====== MATERIAL FOR THIS EXERCISE

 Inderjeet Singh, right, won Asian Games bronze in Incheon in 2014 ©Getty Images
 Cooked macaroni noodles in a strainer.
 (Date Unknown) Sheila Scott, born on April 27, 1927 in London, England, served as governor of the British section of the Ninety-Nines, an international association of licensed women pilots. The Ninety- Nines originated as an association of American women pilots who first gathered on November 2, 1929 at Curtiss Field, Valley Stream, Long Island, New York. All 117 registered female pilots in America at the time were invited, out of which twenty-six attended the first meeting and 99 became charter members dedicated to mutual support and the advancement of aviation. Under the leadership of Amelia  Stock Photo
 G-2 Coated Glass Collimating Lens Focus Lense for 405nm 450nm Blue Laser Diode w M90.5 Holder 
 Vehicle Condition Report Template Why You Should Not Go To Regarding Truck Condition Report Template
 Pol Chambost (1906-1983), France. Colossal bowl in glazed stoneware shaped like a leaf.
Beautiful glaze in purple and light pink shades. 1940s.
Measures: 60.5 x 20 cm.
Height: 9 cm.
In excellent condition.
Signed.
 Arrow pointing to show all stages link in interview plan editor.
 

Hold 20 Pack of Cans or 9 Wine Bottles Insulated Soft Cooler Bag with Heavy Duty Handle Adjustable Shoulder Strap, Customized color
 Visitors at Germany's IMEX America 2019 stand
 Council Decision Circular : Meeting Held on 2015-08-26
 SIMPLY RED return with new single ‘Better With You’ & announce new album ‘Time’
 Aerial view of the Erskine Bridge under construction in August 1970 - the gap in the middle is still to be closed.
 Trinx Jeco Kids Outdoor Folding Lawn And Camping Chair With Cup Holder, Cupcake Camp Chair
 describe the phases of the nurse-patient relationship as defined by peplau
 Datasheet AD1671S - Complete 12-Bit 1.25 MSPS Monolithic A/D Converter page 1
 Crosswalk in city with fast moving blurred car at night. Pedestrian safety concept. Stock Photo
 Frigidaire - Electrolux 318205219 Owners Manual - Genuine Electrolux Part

============

EXERCISE GOAL: Every record, restated word for word, should make up your reply.

ANSWER AREA:
 Inderjeet Singh, right, won Asian Games bronze in Incheon in 2014 ©Getty Images
 Cooked macaroni noodles in a strainer.
 (Date Unknown) Sheila Scott, born on April 27, 1927 in London, England, served as governor of the British section of the Ninety-Nines, an international association of licensed women pilots. The Ninety- Nines originated as an association of American women pilots who first gathered on November 2, 1929 at Curtiss Field, Valley Stream, Long Island, New York. All 117 registered female pilots in America at the time were invited, out of which twenty-six attended the first meeting and 99 became charter members dedicated to mutual support and the advancement of aviation. Under the leadership of Amelia  Stock Photo
 G-2 Coated Glass Collimating Lens Focus Lense for 405nm 450nm Blue Laser Diode w M90.5 Holder 
 Vehicle Condition Report Template Why You Should Not Go To Regarding Truck Condition Report Template
 Pol Chambost (1906-1983), France. Colossal bowl in glazed stoneware shaped like a leaf.
Beautiful glaze in purple and light pink shades. 1940s.
Measures: 60.5 x 20 cm.
Height: 9 cm.
In excellent condition.
Signed.
 Arrow pointing to show all stages link in interview plan editor.
 

Hold 20 Pack of Cans or 9 Wine Bottles Insulated Soft Cooler Bag with Heavy Duty Handle Adjustable Shoulder Strap, Customized color
 Visitors at Germany's IMEX America 2019 stand
 Council Decision Circular : Meeting Held on 2015-08-26
 SIMPLY RED return with new single ‘Better With You’ & announce new album ‘Time’
 Aerial view of the Erskine Bridge under construction in August 1970 - the gap in the middle is still to be closed.
 Trinx Jeco Kids Outdoor Folding Lawn And Camping Chair With Cup Holder, Cupcake Camp Chair
 describe the phases of the nurse-patient relationship as defined by peplau
 Datasheet AD1671S - Complete 12-Bit 1.25 MSPS Monolithic A/D Converter page 1
 Crosswalk in city with fast moving blurred car at night. Pedestrian safety concept. Stock Photo
 Frigidaire - Electrolux 318205219 Owners Manual - Genuine Electrolux Part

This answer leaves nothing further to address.